И хватит про любовь - Эрве Ле Теллье
Слушатели улыбаются. У Ромена Видаля репутация лектора, который уважительно относится к аудитории и умеет пошутить. Шутки – его коронный номер, чтобы не дать заскучать. Что касается забывчивости по поводу Мишо, она, конечно, несколько наигранна. Это Луиза еще давно научила его такому адвокатскому трюку: “Если хочешь удержать внимание публики, дорогой, развлекай ее время от времени, цитируй Флобера как бы невзначай, но всегда кстати. Или Достоевского, Борхеса. С ходу, радость моя, так блеснуть не получится, и, чтобы все выглядело непринужденно, надо много работать. Публика этого не забудет. Она ничего не запомнит из твоей речи, но фраза Флобера точно застрянет в головах. И никогда не подавай того же автора тем же самым людям. Они злорадно решат, что ты заговариваешься”.
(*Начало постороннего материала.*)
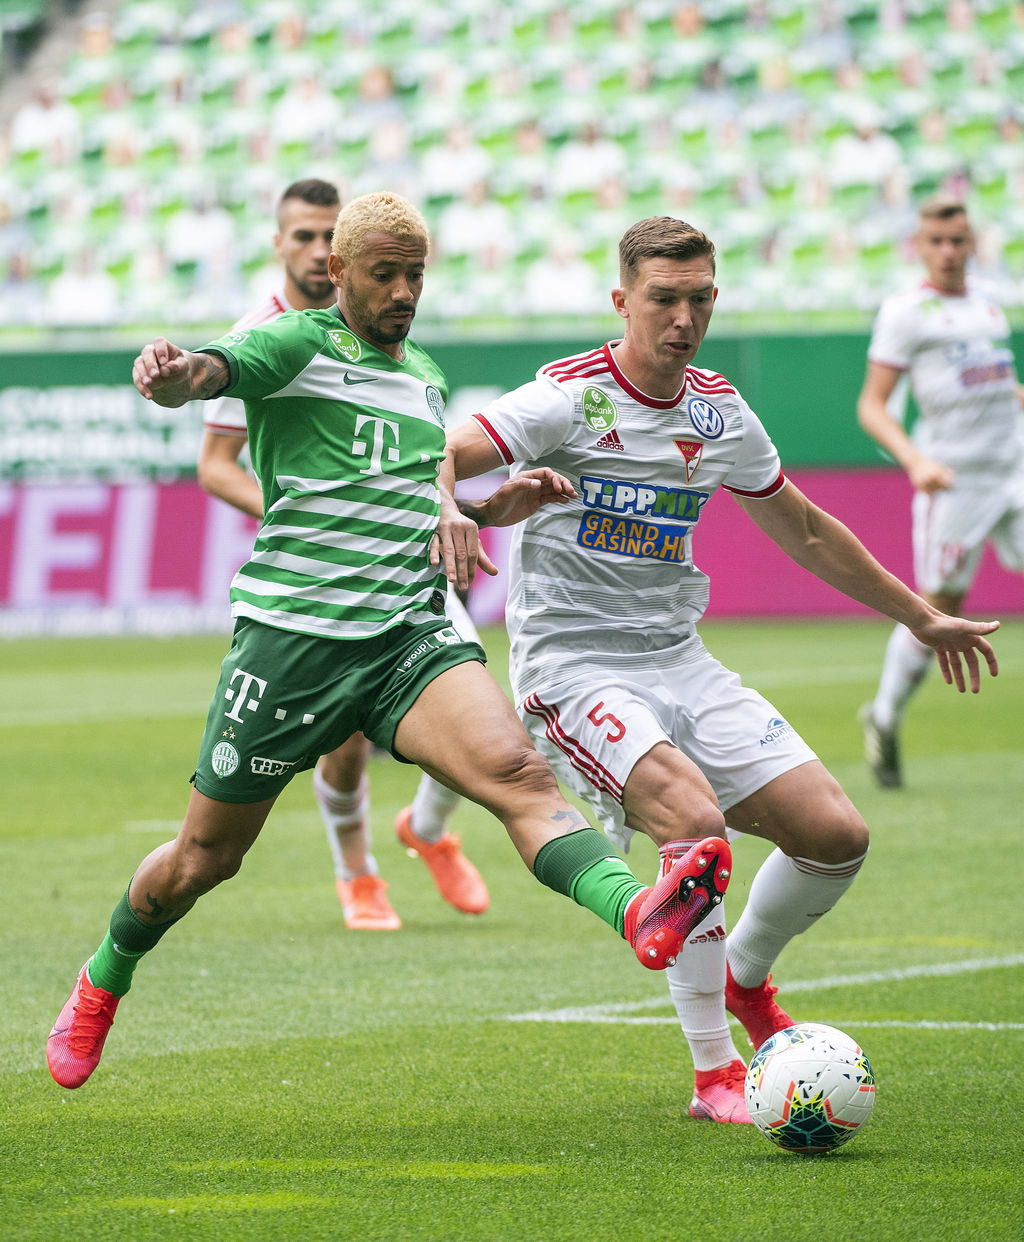 El actual campeón Ferencvaros vino de atrás para derrotar 2-1 al Debrecen, con lo que amplió su ventaja en la cima del torneo.

– Нас издавна занимает вопрос о речи животных, – продолжал Ромен. – Мы говорим “речь”, “животные”, “мы”, и каждое из этих слов подразумевает некое понятие. В Книге Бытия названия вещам дает лишь Адам. А могут ли животные именовать вещи? Если да, то человек – не единственное говорящее существо, и не только он дает толкование миру. В таком случае каково его новое место? С развитием биологии возникают разнообразные этические, философские, политические вопросы. Огромное количество их поднимает генетика речи. Я буду говорить о птицах, приматах или дельфинах, но сначала стоит посмотреть на человека, который предоставляет наиболее простой материал для исследования по той парадоксальной причине, что обладает наиболее развитой речью. Мы с огромным трудом определили бы дефекты речи у животных, а между тем наверняка существуют шимпанзе-заики и дельфины-дислексики.
“Отпустив шутку, никогда не становись в позу, – это тоже совет Луизы. – Не делай паузу, лучше попей водички”. Ромен подносит стакан к губам. – Некоторые люди страдают патологиями речи. Такое “специфическое расстройство речи” не связано с умственной отсталостью. В конце прошлого века была изучена генеалогия одного пакистанского семейства, жившего в Лондоне, в Ист-Энде. Многие его члены испытывали трудности с произношением, построением фраз и даже с распознаванием звуков. Исследователи сумели установить у них деформацию короткого сегмента седьмой хромосомы, содержавшего ген FOXP2. FOXP2, он же forkhead box P2, это белок, характеризующийся наличием цепочки из сотни аминокислот, которые связываются с ДНК, образуя фигуру, напоминающую бабочку. На этом слайде обозначено красным расположение мутации в экзоне 14. В одном нуклеотиде гуанин замещен аденином.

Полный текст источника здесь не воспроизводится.